The “Jill Baby” of the lurid title is Jill Court, Patty Hearst-esque daughter of Chad Court, megawealthy businessman. She’s been kidnapped as the novel opens, and Mike Ross hears about it on the news. Then he gets a phone call from fellow ‘Nam vet Jim Boyd, a total asshole of a major whom Ross hated – the vague backstory has it that Ross during combat tried to get an air evac for two wounded soldiers, and Boyd refused – the fact that the soldiers were black certainly had something to do with the denial, Ross was certain. But now Boyd, still fit and eager for action despite being old enough to also be a veteran of the Korean war (as is Ross, by the way), runs a trucking business in LA and has been dating Jill Court. The fact that Jill, barely in her 20s, has been seeing a much older man is later explained away with the off-hand comment that she’s into freaky sex scenes or something.
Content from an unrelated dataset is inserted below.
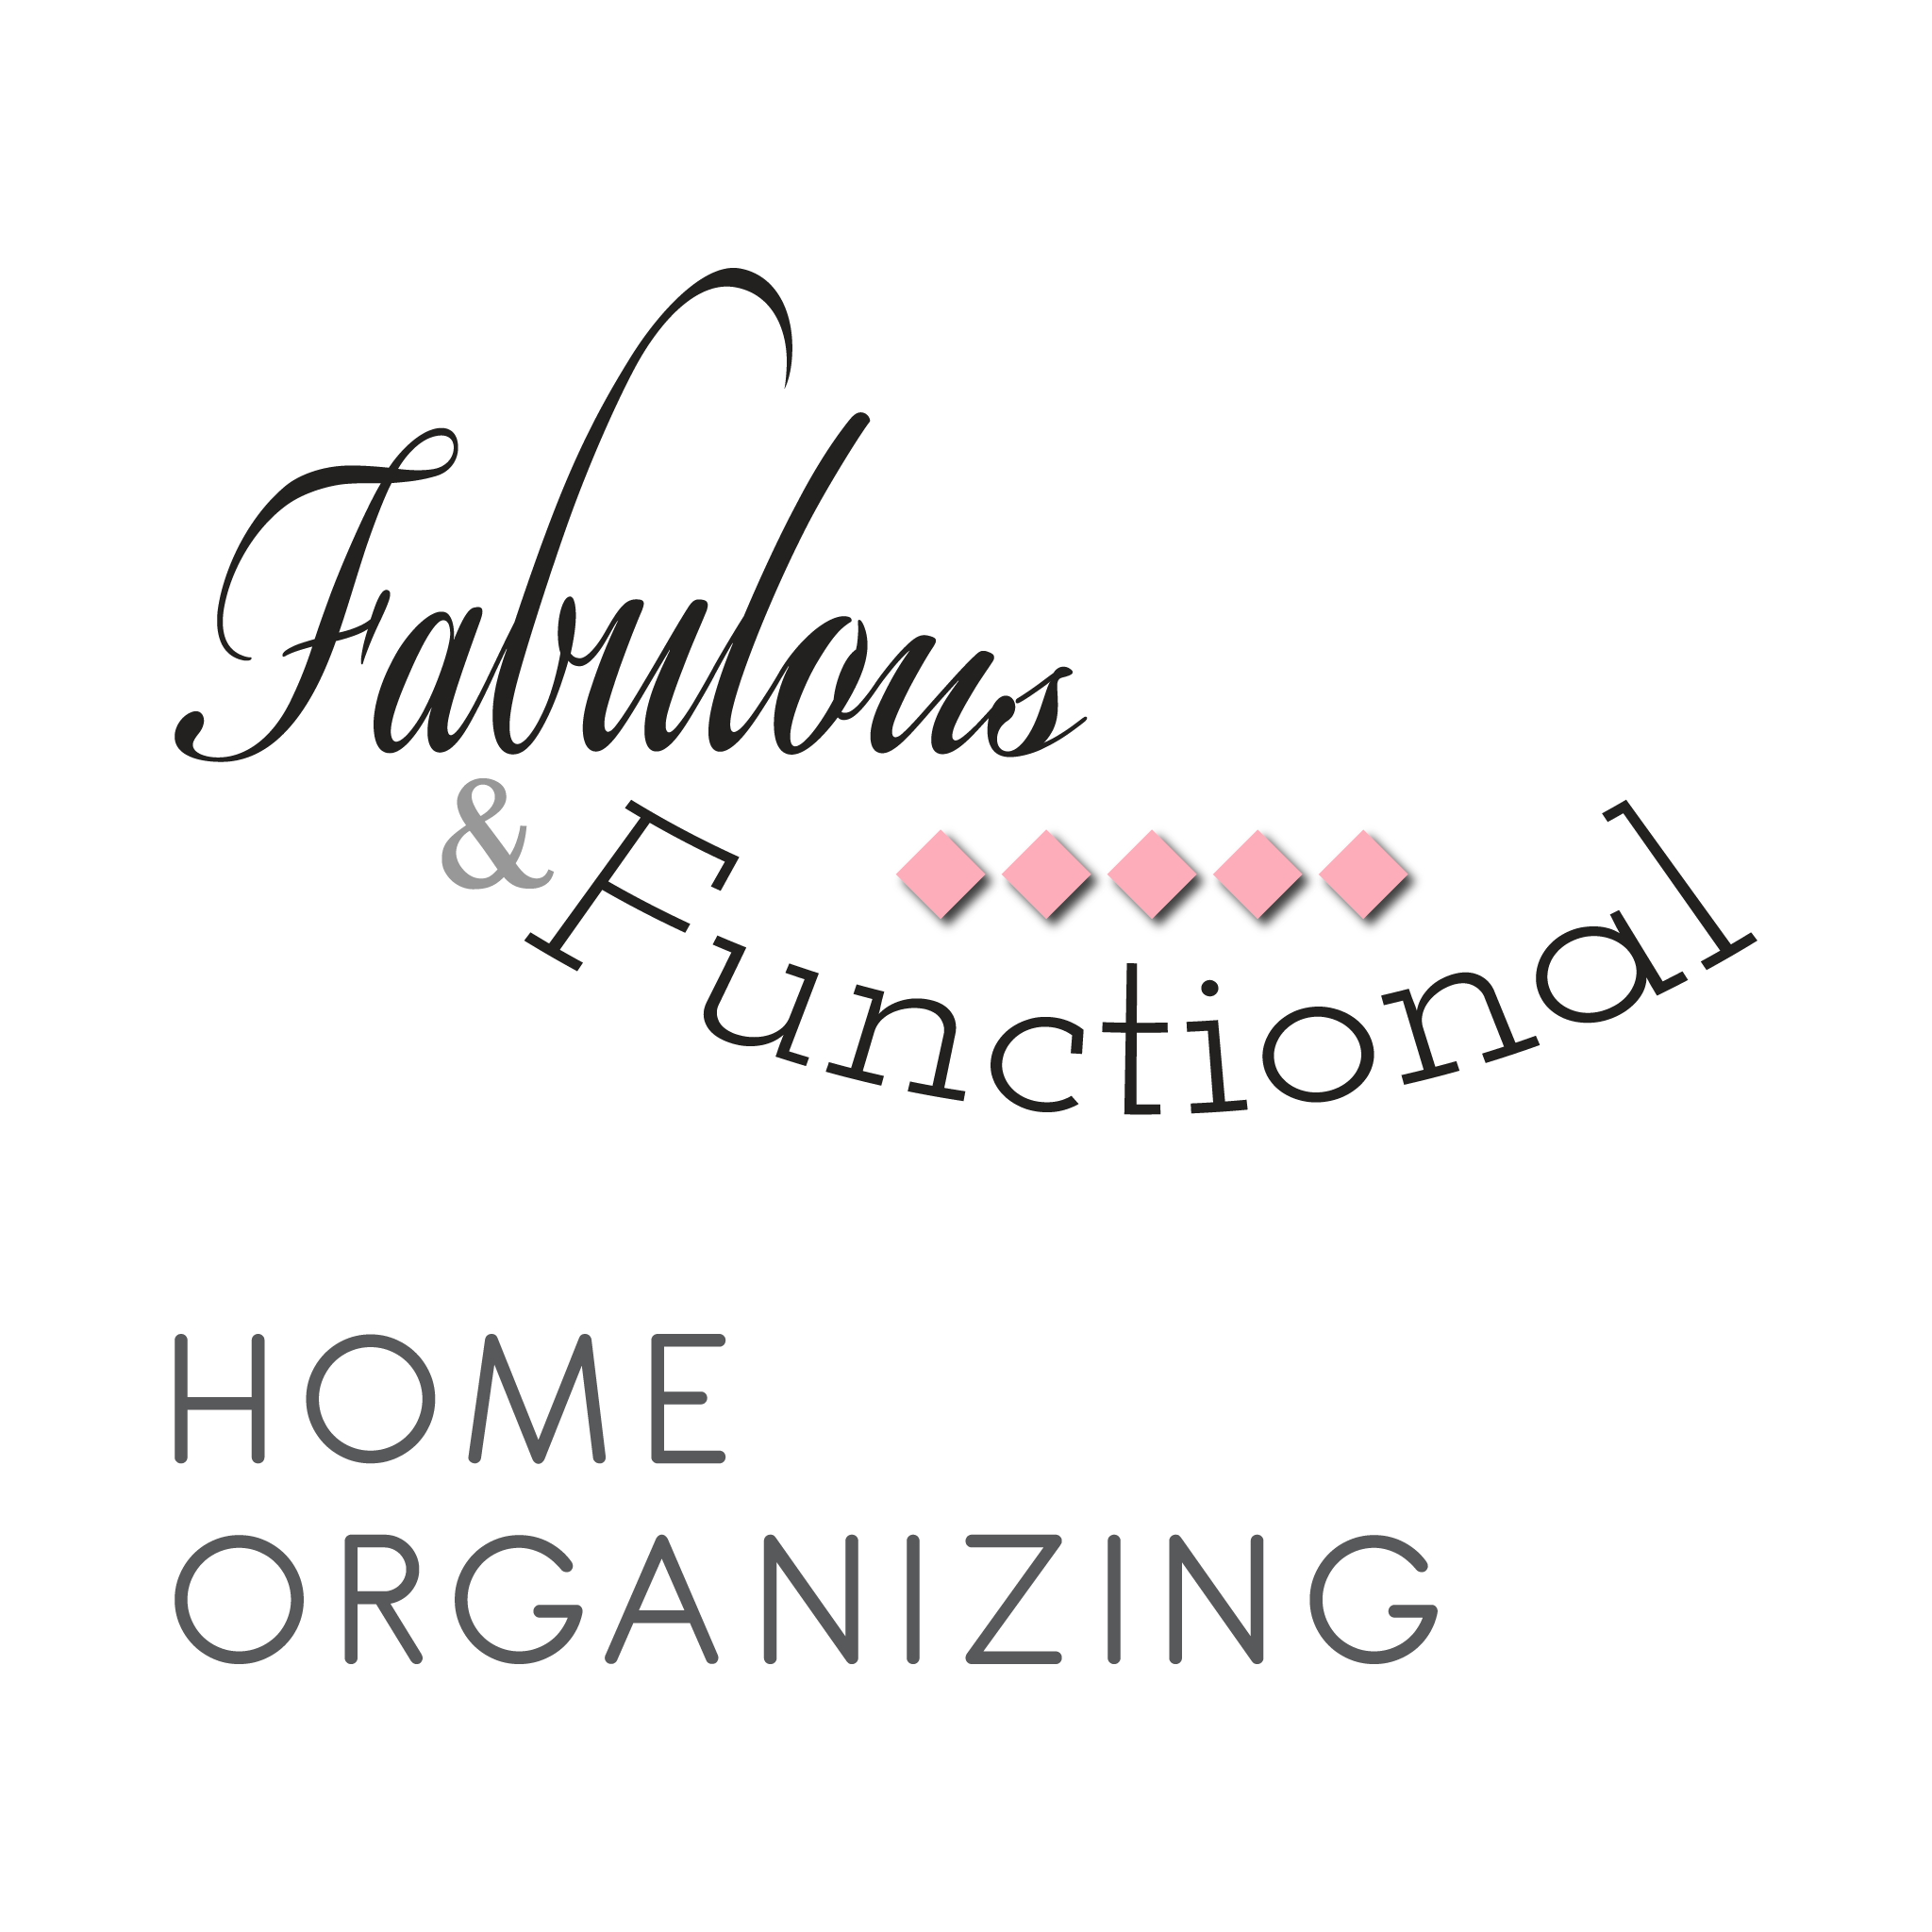 Fabulous & Functional Home Organizing

But Jill has been kidnapped by the “army” of “Wake Up America,” which is run by “Major Wingate.” I assumed it would just be another of the left-leaning guerrilla armies of the day, but gradually we learn that the WUA is made up of former ‘Nam vets who initially get together to fight crime, but eventually set their sights on the country itself. But to tell the truth Platt doesn’t do much to elaborate on this. They’ve kidnapped poor Jill as their first attack, which gets them in the news – Boyd has it that he was jumped by several men while driving Jill home, and when he was knocked out they took her away. He wants to know if Ross will help, given Ross’s impressive cred with the police – again, the fact that Ross is “Hitman” is sort of a well-known fact while still being a secret…again, pretty much exactly like in The Spider.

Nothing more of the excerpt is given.